3. Commercial Paper Market (Cps):
The schemes of commercial paper were introduced to enable the
companies to obtain funds from the market. As per RBI guidelines,
CPs can be issued by companies satisfying the following conditions:
The minimum tangible net worth of the company should not be
less than 4 crores.
The minimum working capital of the company should not be
less than 4 crores.
The firms equity shares should be listed on the stock exchange.
The CP should receive a minimum rating of A2 / P4 from Crisil.
The present maturity period ranges from 7 days to 1 year are issued in
multiples of 5 lakhs subject to a minimum size of 25 lakhs to a single
investor.

4. Mutual Funds :
A mutual fund body corporate is registered with SEBI. It pools surplus
funds from the investors to invest it in shares, bonds, government
securities and other financial securities in the capital market.
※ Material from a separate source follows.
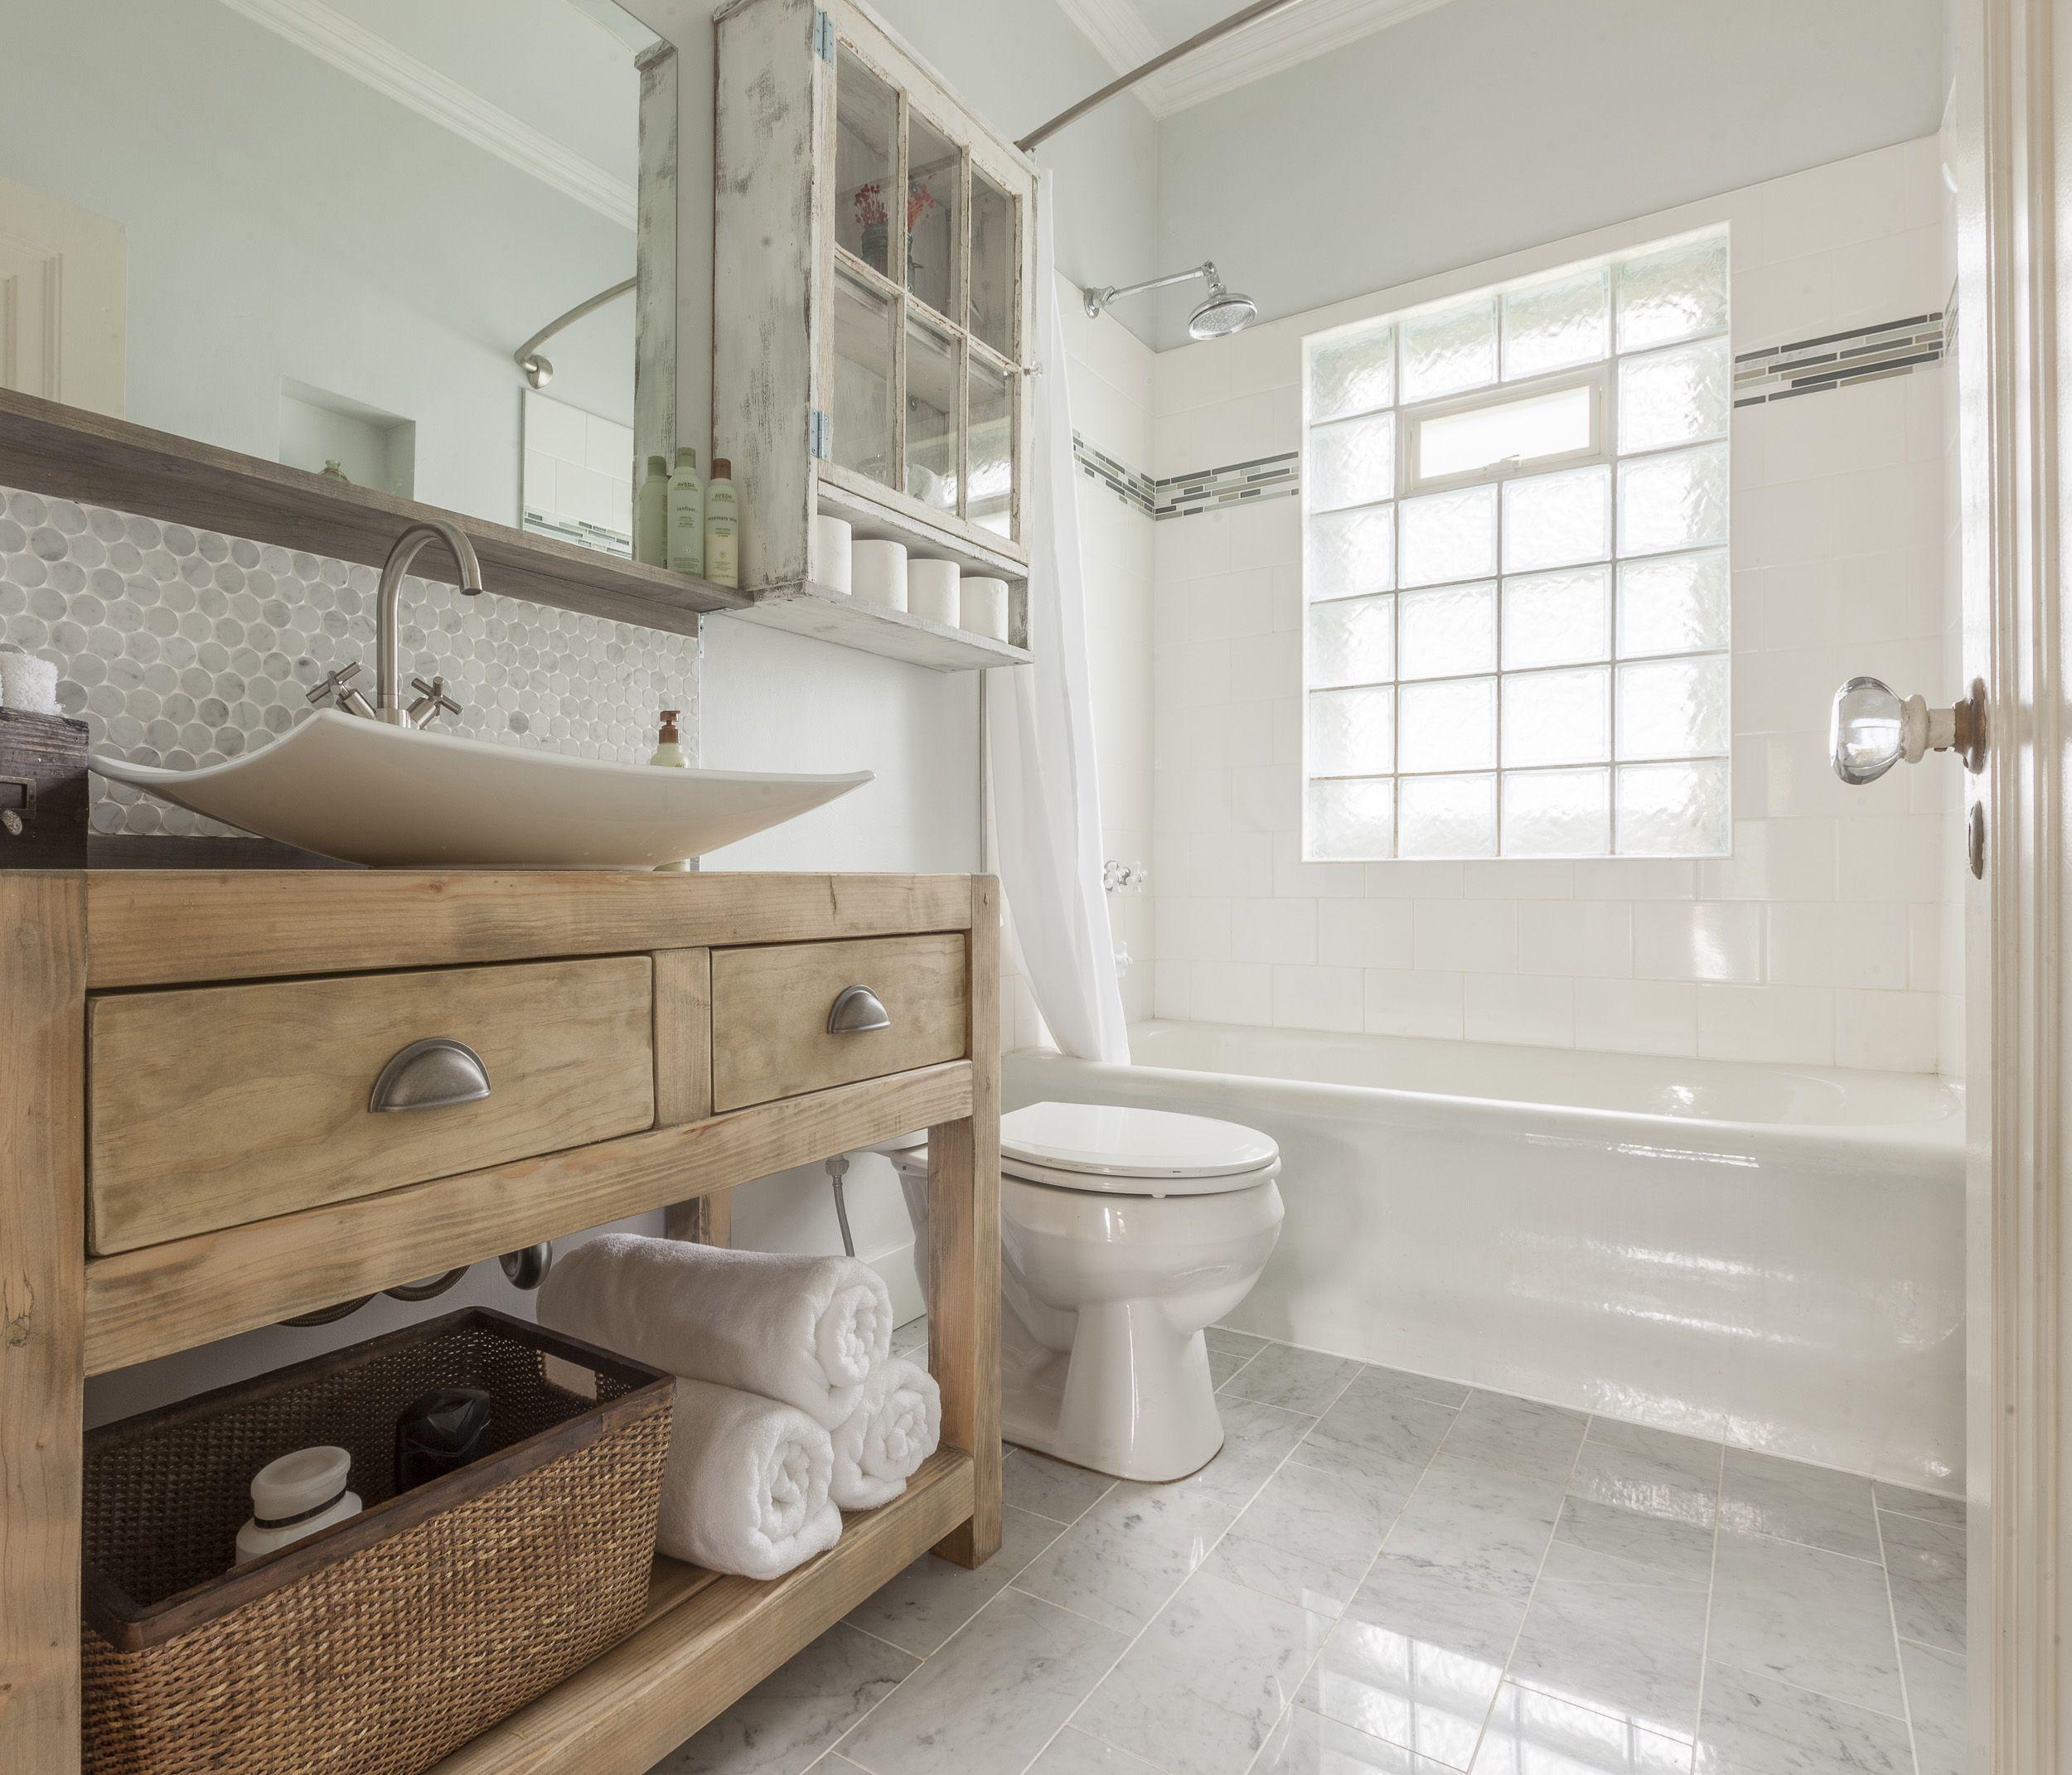 Rustic Modern Bathroom Carrera Marble Floor Jonathan Thrasher

They can be financial intermediaries that collect funds from the public
and invest it on behalf of them. SEBI is the Directory Authority for
mutual funds.
5. Stock Market :
Shares of different companies are traded in order to enable the general
public to invest in these shares. The stock exchange is an association
or a body of individuals formed for purpose of assisting, regulating or
controlling the transactions of buying and selling securities between
investors.
6. Call Money Market :
It is also known as Inter-bank call money market. In this market the
lending and borrowing transactions are only for 1 day between banks.
These one day transactions include demand from deficit commercial
banks while the supply comes from commercial banks with surplus
funds.
7. Certificate of Deposit Market (CDs) :
This scheme of CDs was introduced by RBI. The main purpose of
CDs is to enable the commercial banks to raise funds from the market
at present the maturity period of CDs issued ranges from 7 days to 1
year. The CDs are issued in multiples of 25 lakhs to a minimum size
of 1 crore.
8. Repurchase Agreements :
In 1992, RBI had introduced these agreements and the period of these
agreements is 2 days to 14 days. They are classified into the following
2 categories Repo : It is an agreement between banks and RBI thereby RBI
lends money to banks by repurchasing securities. Repo helps to
increase the liquidity with the banks.
Reverse Repo : It is an agreement between banks and RBI
whereby RBI borrows money from the banks by selling
securities. It helps to reduce the excess liquidity with banks.